Scenario 5: Sink Kubernetes events to EventBridge

EventBridge is a serverless event service provided by Alibaba Cloud. Alibaba Cloud services, custom applications, and software as a service (SaaS) applications can connect to EventBridge in a standardized and centralized manner. In addition, EventBridge can route events among these applications based on standardized CloudEvents 1.0 protocol. ACK events can be sunk to EventBridge, which allows you to build a loosely-coupled and distributed event-driven architecture in EventBridge. For more information about EventBridge, see What is EventBridge?.

  1. Activate EventBridge. For more information, see Activate EventBridge and grant permissions to a RAM user.

  2. Refer to Install the ack-node-problem-detector component to install the ack-node-problem-detector component.

    Note

    If the ack-node-problem-detector component is already installed, reinstall it. For more information, see Reinstall the ack-node-problem-detector component.

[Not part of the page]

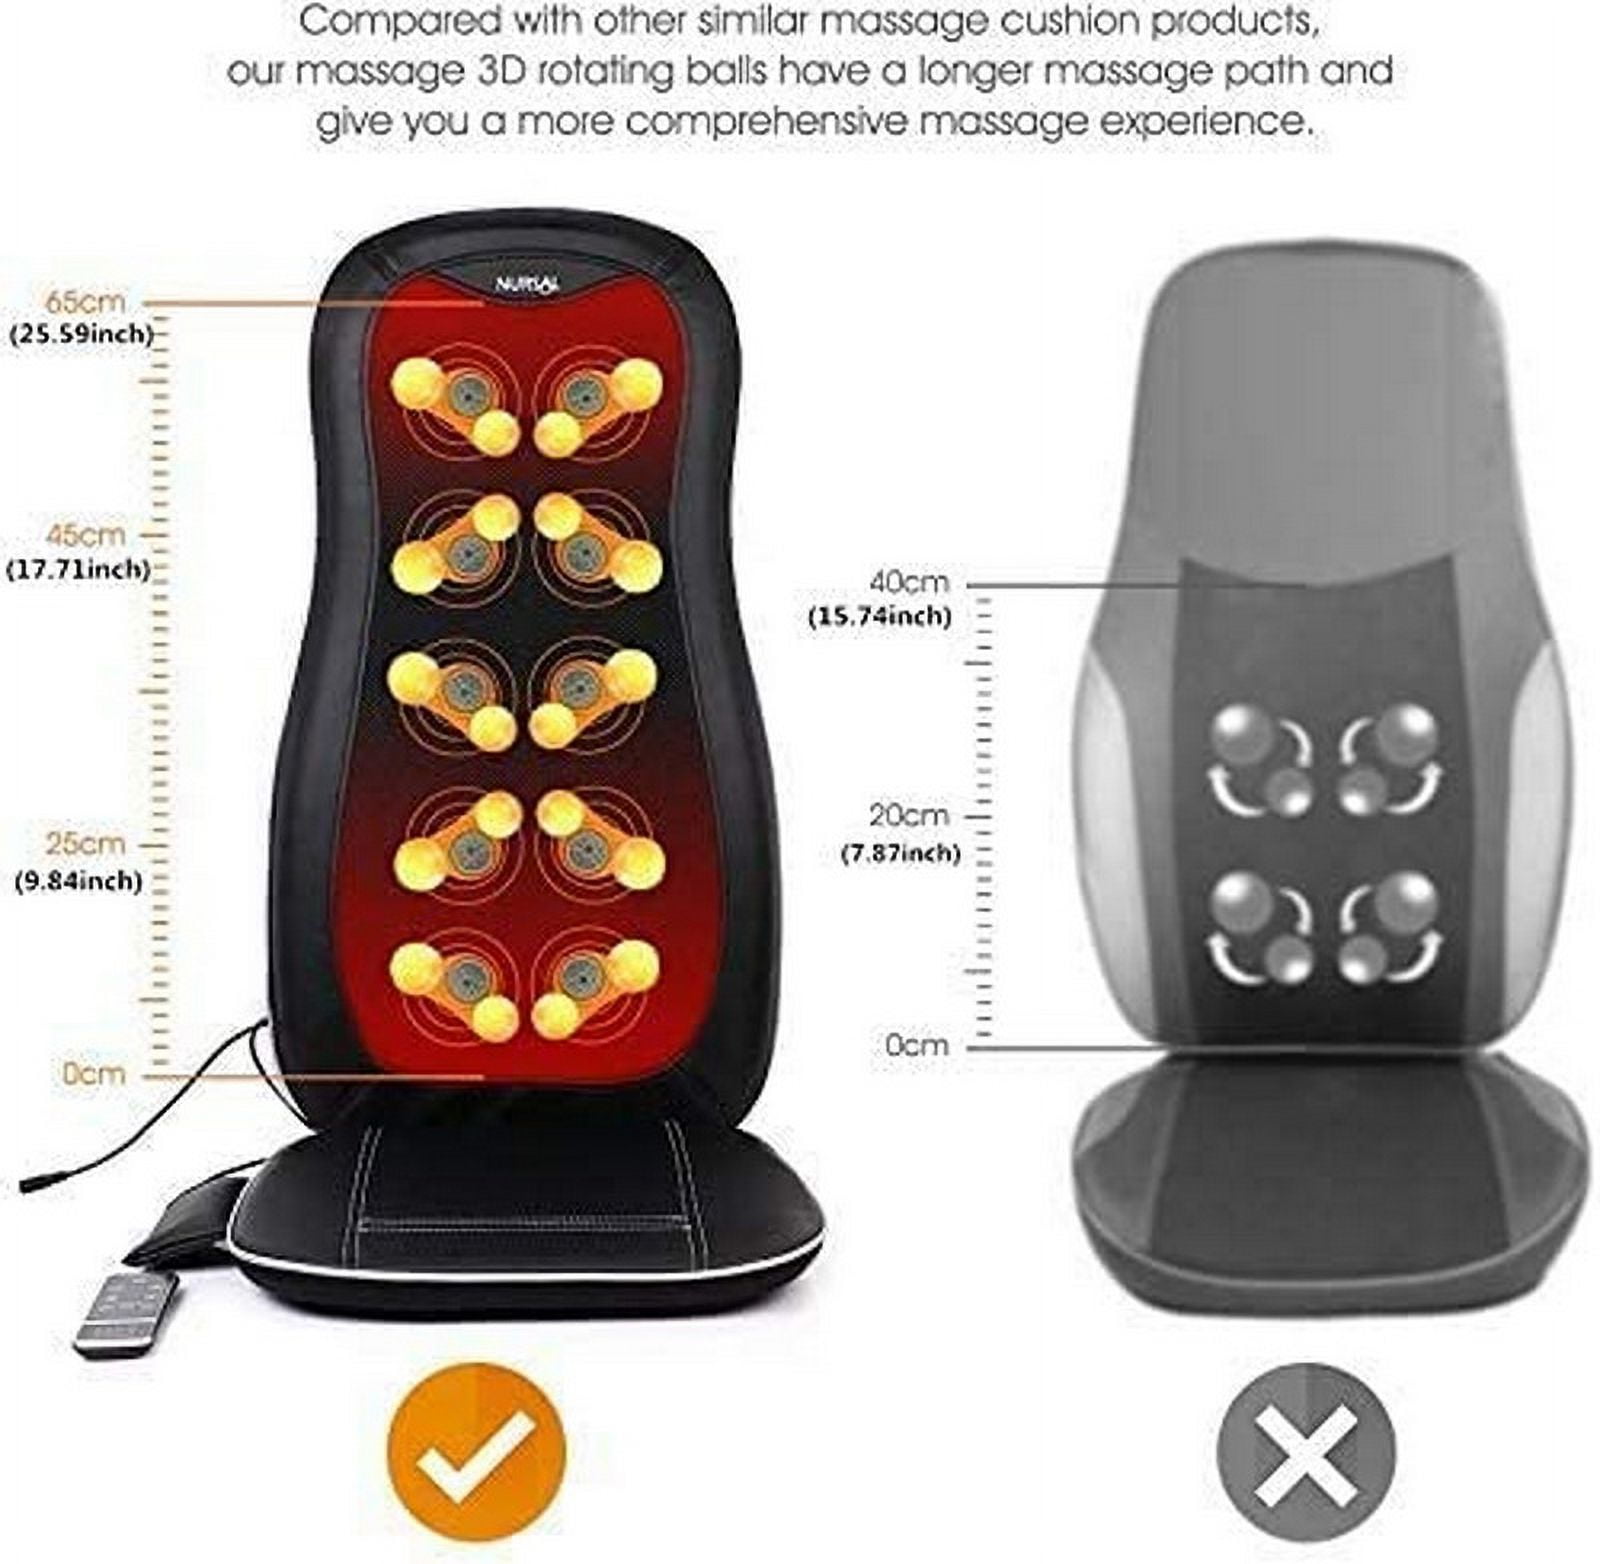 NURSAL Massage Cushion with Heat & Vibration, Deep Kneading, Pressing &  Rolling Back Massager Chair Pad - Upper-Lower Back, Waist, Hips, Pinpoint  Precise Spots for Home, Office & Car Use

  3. On the Clusters page, find the cluster that you want to manage and click its name. In the left-side navigation pane, choose Applications > Helm.

  4. On the Helm page, find the ack-node-problem-detector component. Then, click Update in the Actions column of the component, set eventer.sinks.eventbridge.enable to true to enable EventBridge as a sink of Kubernetes events, and click OK.

    image

  5. After EventBridge is enabled as a sink of Kubernetes events, you can view Kubernetes events in the EventBridge console.

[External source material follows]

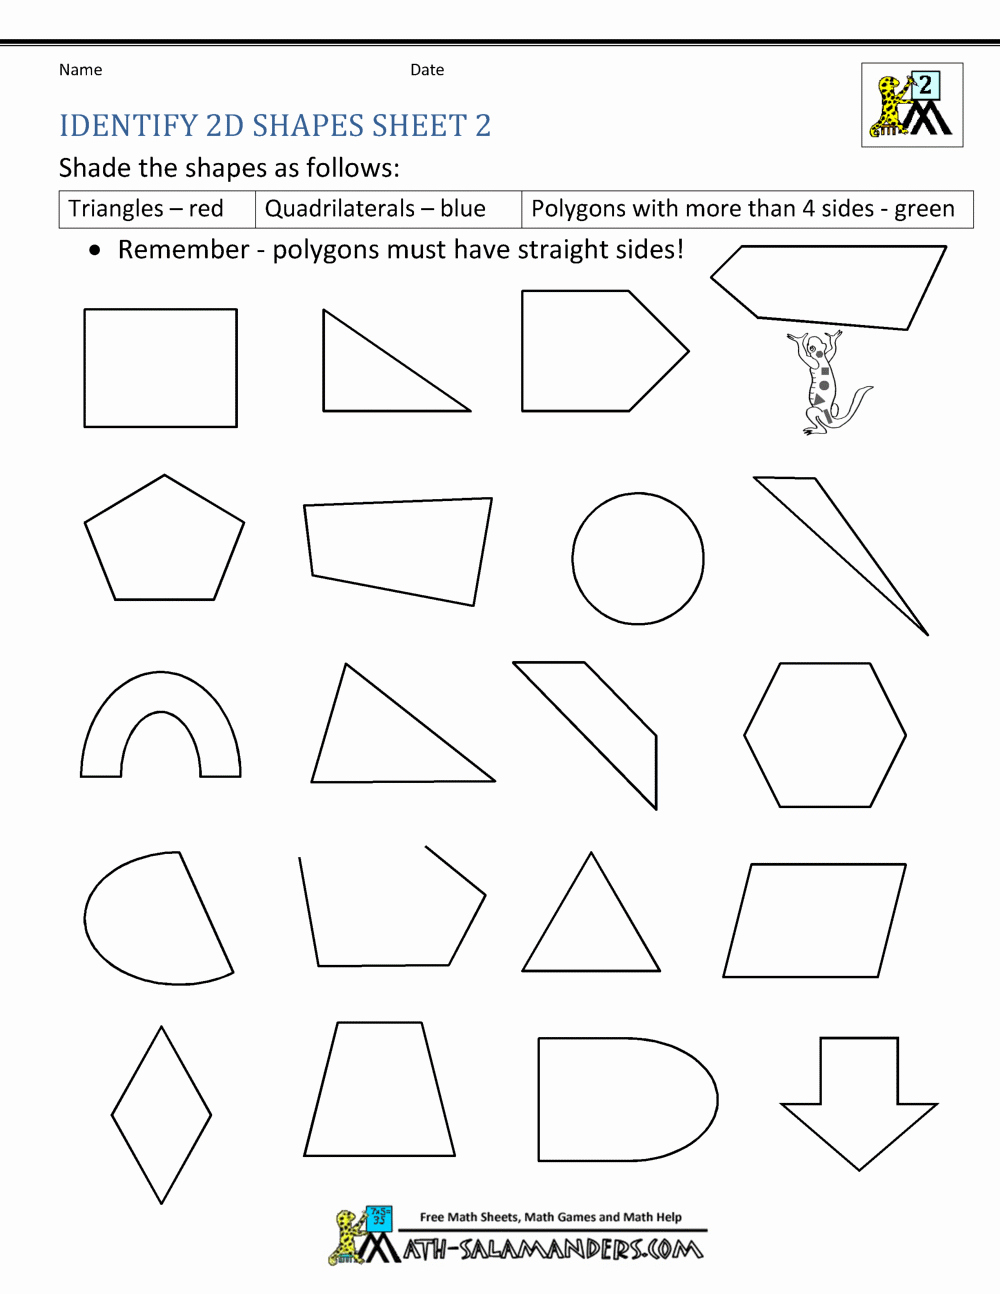 Shapes Worksheets 2nd Grade Awesome 30 Geometry Worksheet for 2nd Grade Worksheet Project List

    1. Log on to the EventBridge console.

    2. In the left-side navigation pane, click Event Buses.

    3. On the Event Buses page, click the name of the target event bus.
    4. In the left-side navigation pane, click Event Tracking.
    5. Select a query method, set query conditions, and then click Query.

    6. In the list of events, find the event that you want to view and click Details in the Actions column.

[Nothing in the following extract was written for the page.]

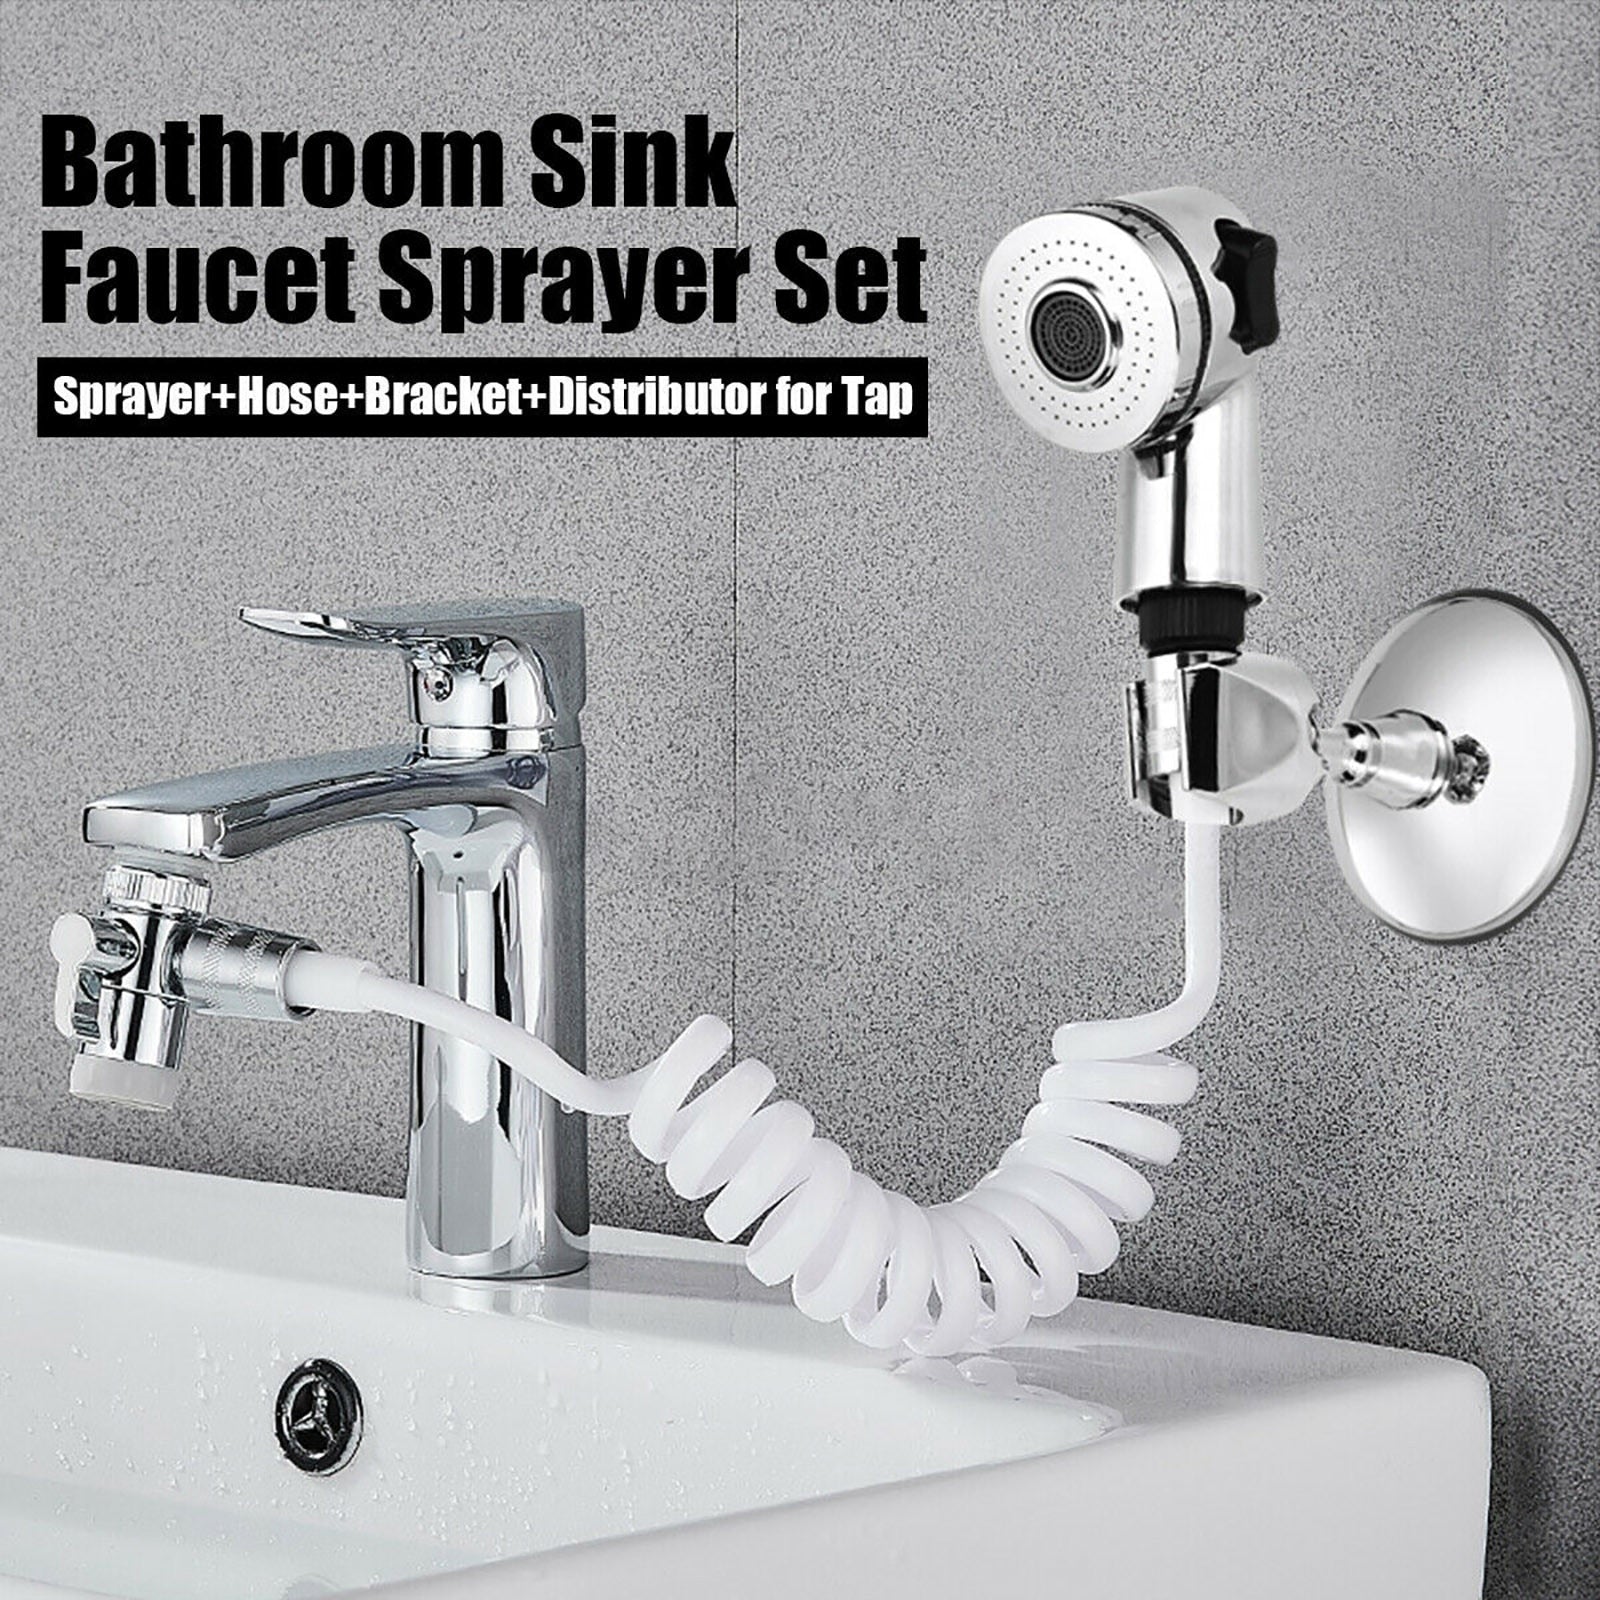 All-in-One Easy Clean Adjustable Bathroom Set

      For more information, see Query events by event ID.

Reinstall the ack-node-problem-detector component

  1. Log on to the ACK console. In the left-side navigation pane, click Clusters.

  2. On the Clusters page, find the cluster that you want to manage and click its name. In the left-side pane, choose Workloads > Jobs.

  3. On the Jobs page, click More on the right side of kube-eventer-init-v1.7-xxxx and click Delete.

  4. On the Clusters page, find the cluster that you want to manage and click its name. In the left-side pane, choose Applications > Helm.

  5. On the Helm page, delete the ack-node-problem-detector component.

  6. On the Clusters page, find the cluster that you want to manage and click its name. In the left-side navigation pane, choose Operations > Add-ons.

  7. On the Logging and Monitoring tab, find and reinstall ack-node-problem-detector.